Suppose we have a matrix $A \in \mathbb{R}^{n\times n}$ where

$$A_{ij} = \begin{cases} 1 & \text{with probability} \quad p\\ 0 &\text{with probability} \quad1-p\end{cases}$$

I would like to know the following expected value

$$\lim_{n \rightarrow \infty} \mathbb E(| \det (A) |)$$

i.e., the asymptotic behavior as $n$ becomes large.


What I tried so far

It feels like this has been done already, but after searching for quite a while I performed simulations and it looks like

$$\mathbb E(|\det(A)|) \propto e^{n f(p) }$$

where $f$ is some function of the probability $p$.

Comparison of simulation results and solutions described below for different values of $p$.

I would be very happy if someone knows the result or a good reference where I could look it up.

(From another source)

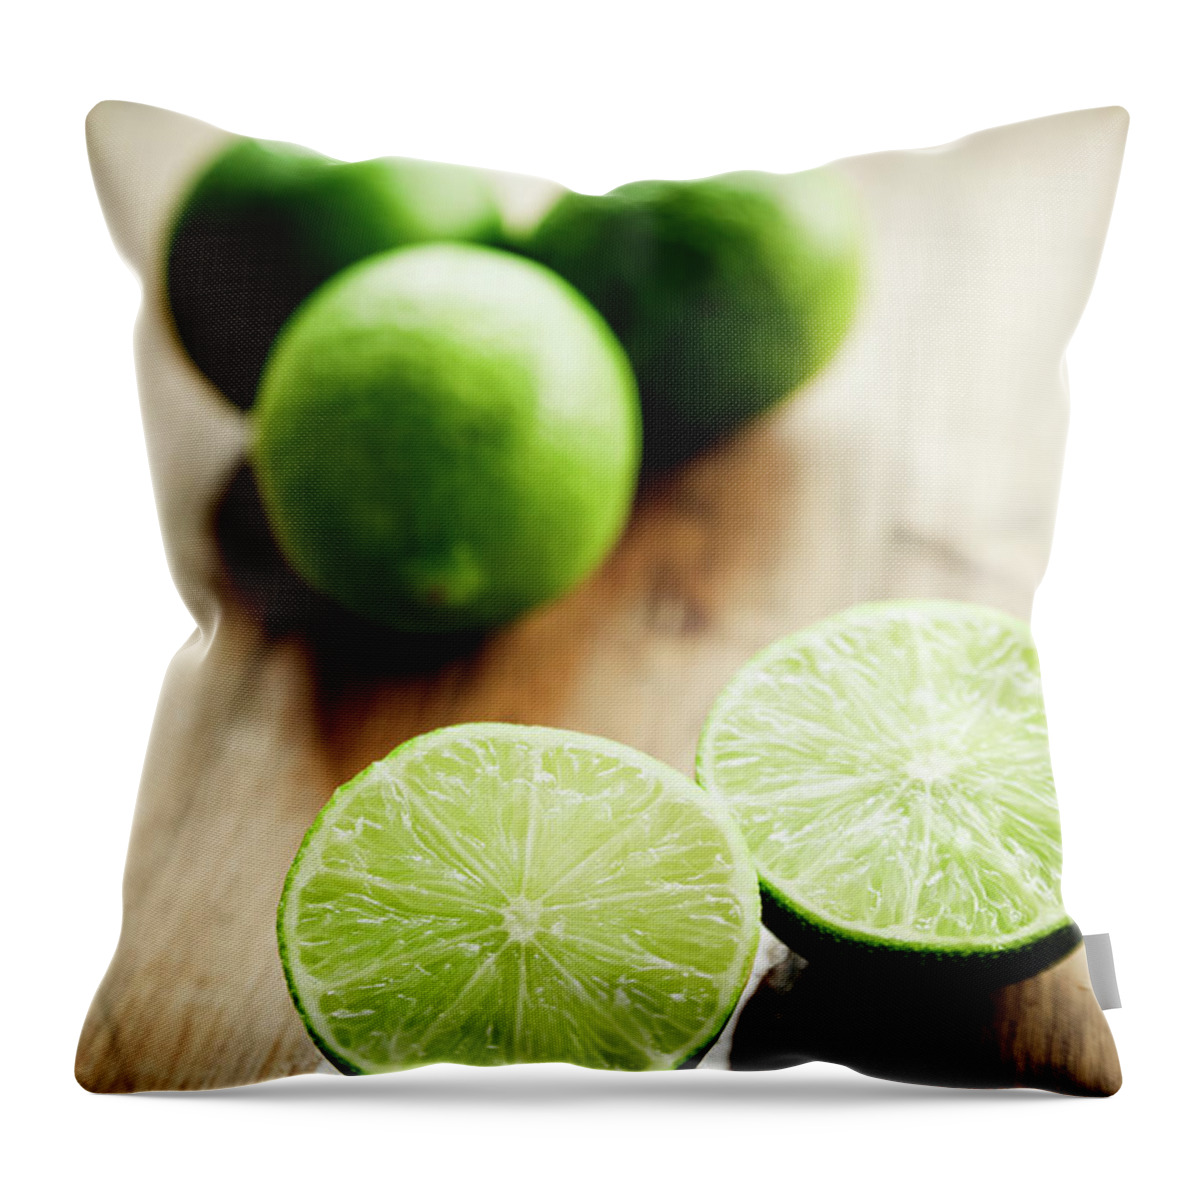 Vitamin C Throw Pillow featuring the photograph Group Of Lines On A Wooden Table by Mmeemil

Edit: I changed the figure and added plots of the solutions

$$ \text{log} \mathbb E(|\det(A)|) \propto \frac{n}{2} \text{log} \frac{n p (1-p)}{e}$$ given by Richard Stanley and RaphaelB4 which coincide up to multiplicative terms if the factorial in Richard Stanleys solution is replaced by stirlings formula.

$\endgroup$
  • $\begingroup$ Math experiment done with Maple produces $E(\det A)=0$ for $n=1,…,4$ and $$p,-2\,{p}^{4}+2\,{p}^{2},12\,{p}^{9}-36\,{p}^{8}+36\,{p}^{7}-18\,{p}^ {5}+6\,{p}^{3},-528\,{p}^{16}+3456\,{p}^{15}-10080\,{p}^{14}+17280\,{p }^{13}-19152\,{p}^{12}+13824\,{p}^{11}-5760\,{p}^{10}+576\,{p}^{9}+504 \,{p}^{8}-144\,{p}^{6}+24\,{p}^{4} $$ for $E(|\det A|)$. In view of it your hypothesis does not seem to be true. $\endgroup$ – user64494 Apr 6 '18 at 10:57
  • $\begingroup$ Thanks for your response. In the simulations I performed, the scaling relationship $E(|det A|) \propto e^{Nf(p)}$ is only valid for large $n$. Therefore, it could be that for small $n$ the expectation value behaves differently and maybe even decrease with increasing $n$. $\endgroup$ – Hipstpaka Apr 6 '18 at 11:44
  • $\begingroup$ I added a figure showing simulation results for $p=0.5$. $\endgroup$ – Hipstpaka Apr 6 '18 at 11:59
  • 2
    $\begingroup$ Hadamard inequality, implies $\mathbb{E}(|\mathrm{det}(A)|) \leq (pn)^{n/2}.$ $\endgroup$ – Mahdi Apr 6 '18 at 13:49
  • 1
    $\begingroup$ It can be shown that the expected value of $\mathrm{det}(A)^2$ is exactly $n!p^n(p-1)^{n-1}(1+(n-1)p)$. $\endgroup$ – Richard Stanley Apr 7 '18 at 20:48
6
$\begingroup$

Here is a solution to Hipstpaka's question about $\det(A)^2$. I don't have enough space to answer in a comment. I don't know where a statement appears in the literature, but the proof uses a standard technique discussed for instance in Enumerative Combinatorics, vol. 2, Exercise 5.64.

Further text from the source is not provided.